Deux habitudes alimentaires faciles associées à une perte de poids durable, selon une étude

Image d'illustration. Poids balanceADN
Une récente étude révèle que deux habitudes alimentaires simples seraient associées à un poids durablement plus faible. Ces comportements, faciles à adopter au quotidien, pourraient jouer un rôle clé dans la gestion efficace du poids sur le long terme.
Tl;dr
- Jeûner plus longtemps la nuit réduit l’IMC.
- Petit-déjeuner et dîner plus tôt favorisent le poids sain.
- Effets liés aux rythmes circadiens du corps.
L’influence des horaires de repas sur le poids
En Espagne, une équipe du Barcelona Institute for Global Health (ISGlobal) s’est récemment penchée sur la question, analysant les habitudes alimentaires de plus de 7 000 adultes âgés de 40 à 65 ans. Leur objectif ? Comprendre dans quelle mesure les horaires des repas influencent l’indice de masse corporelle (IMC). Les résultats, intrigants, mettent en lumière un constat : prendre son petit-déjeuner et son dîner plus tôt, tout en évitant toute consommation alimentaire entre les deux, s’associe à une diminution du poids après cinq ans.
Le rôle clé des rythmes biologiques
Pourquoi ces horaires sont-ils bénéfiques ? Selon l’équipe dirigée par l’épidémiologiste Luciana Pons-Muzzo, il semblerait que ces pratiques épousent mieux les rythmes circadiens, véritables horloges internes régissant nos périodes d’éveil et de repos. « Manger tôt dans la journée semble optimiser la dépense calorique et la régulation de l’appétit », souligne-t-elle. Un jeûne nocturne prolongé – autrement dit, repousser le moment du premier repas et avancer celui du dernier – favoriserait ainsi un meilleur équilibre pondéral.

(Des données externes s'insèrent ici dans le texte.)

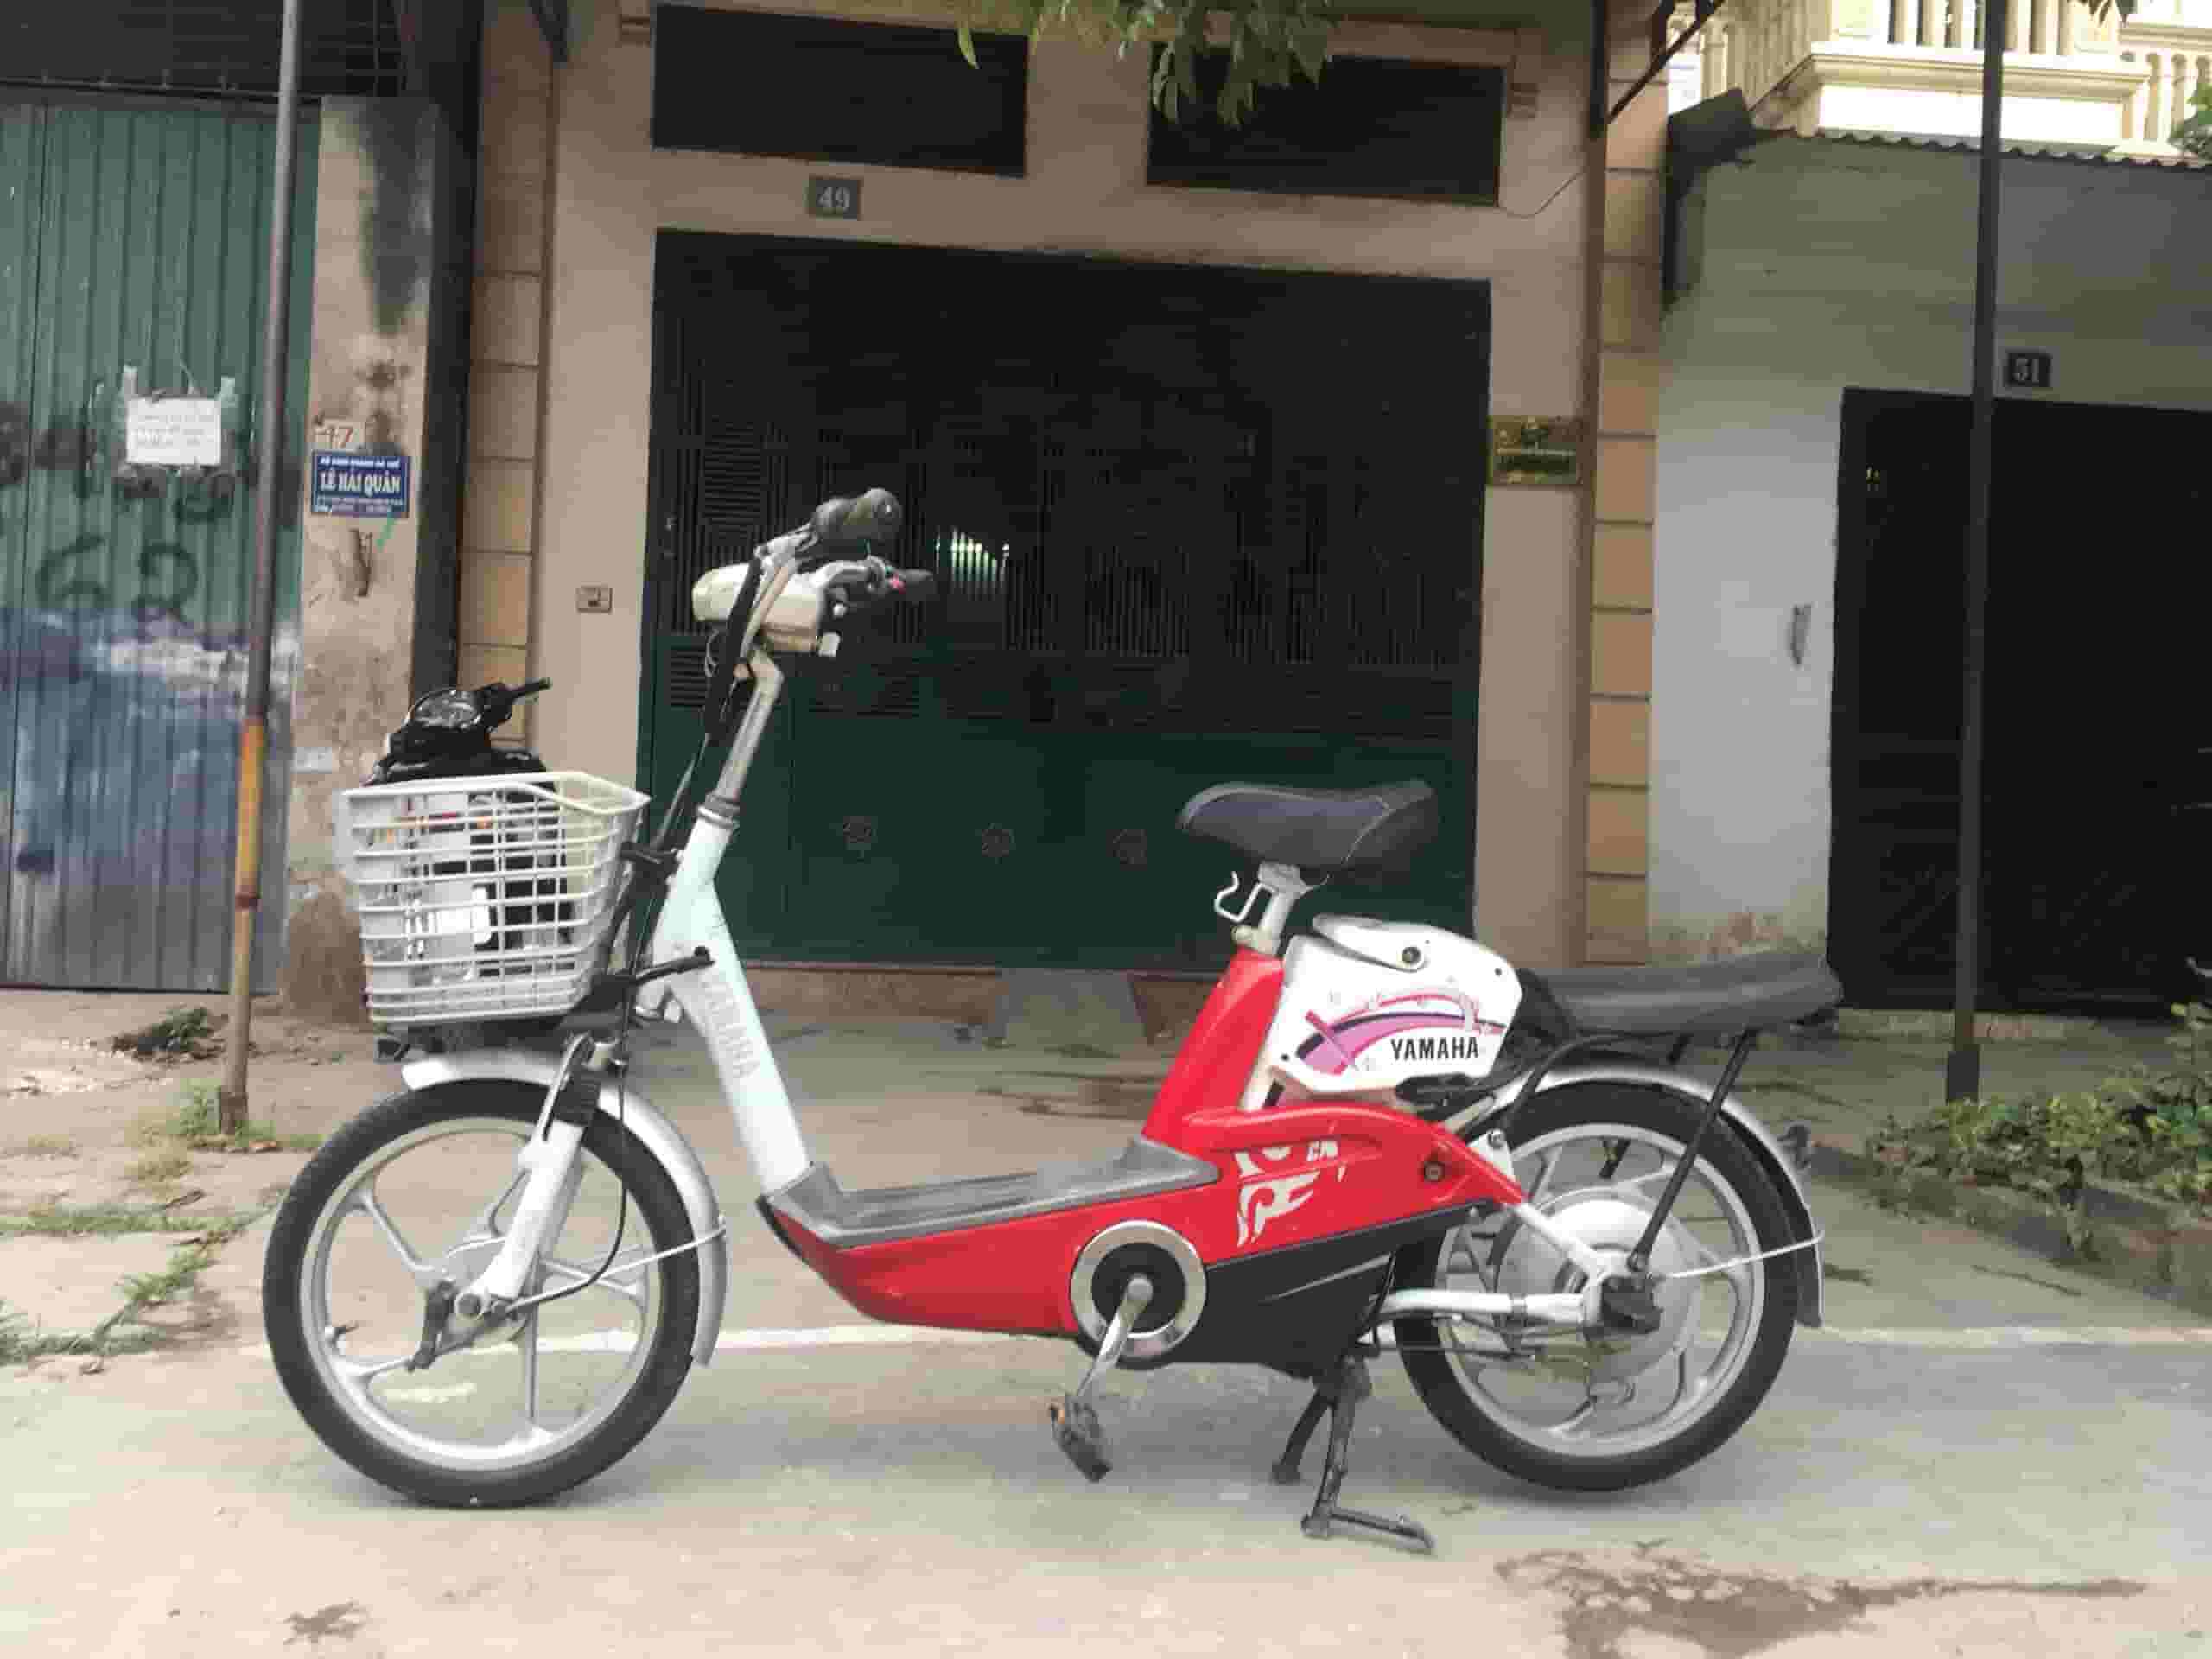 Mua bán xe đạp điện cũ - xe máy điện cũ tại Hàng Buồm - Hoàn Kiếm

Certaines pratiques discutées
Cependant, tous les modes d’alimentation ne se valent pas. Les chercheurs ont observé que chez certains hommes qui pratiquent le jeûne intermittent en sautant systématiquement le petit-déjeuner – leur premier repas intervenant après 14h – cette méthode n’entraîne pas de perte de poids significative. Comme le note l’épidémiologiste Camille Lassale, « d’autres essais montrent que sauter le petit-déjeuner n’apporte aucun bénéfice supplémentaire par rapport à une simple réduction calorique ». Il est donc possible que l’essentiel réside davantage dans le respect d’une fenêtre alimentaire cohérente avec notre physiologie.
Des pistes pour l’avenir
Au fil des analyses statistiques prenant en compte divers paramètres (âge, sommeil…), plusieurs tendances se sont dégagées :
- Dîner et petit-déjeuner précoces : associés à un IMC inférieur.
- Sauter le petit-déjeuner : sans effet notable chez certains sous-groupes masculins.
- Synchronisation avec les rythmes biologiques : suspectée d’optimiser la gestion du poids.
Ce domaine émergent, la chrononutrition, attire désormais l’attention des chercheurs. Comme le rappelle l’épidémiologiste Anna Palomar-Cros, il s’agit « d’étudier non seulement ce que nous mangeons, mais aussi quand et combien de fois nous mangeons ». Pour tirer des conclusions définitives, il faudra toutefois des études plus longues et diversifiées. Les liens entre sommeil, alimentation et santé restent encore à explorer en profondeur.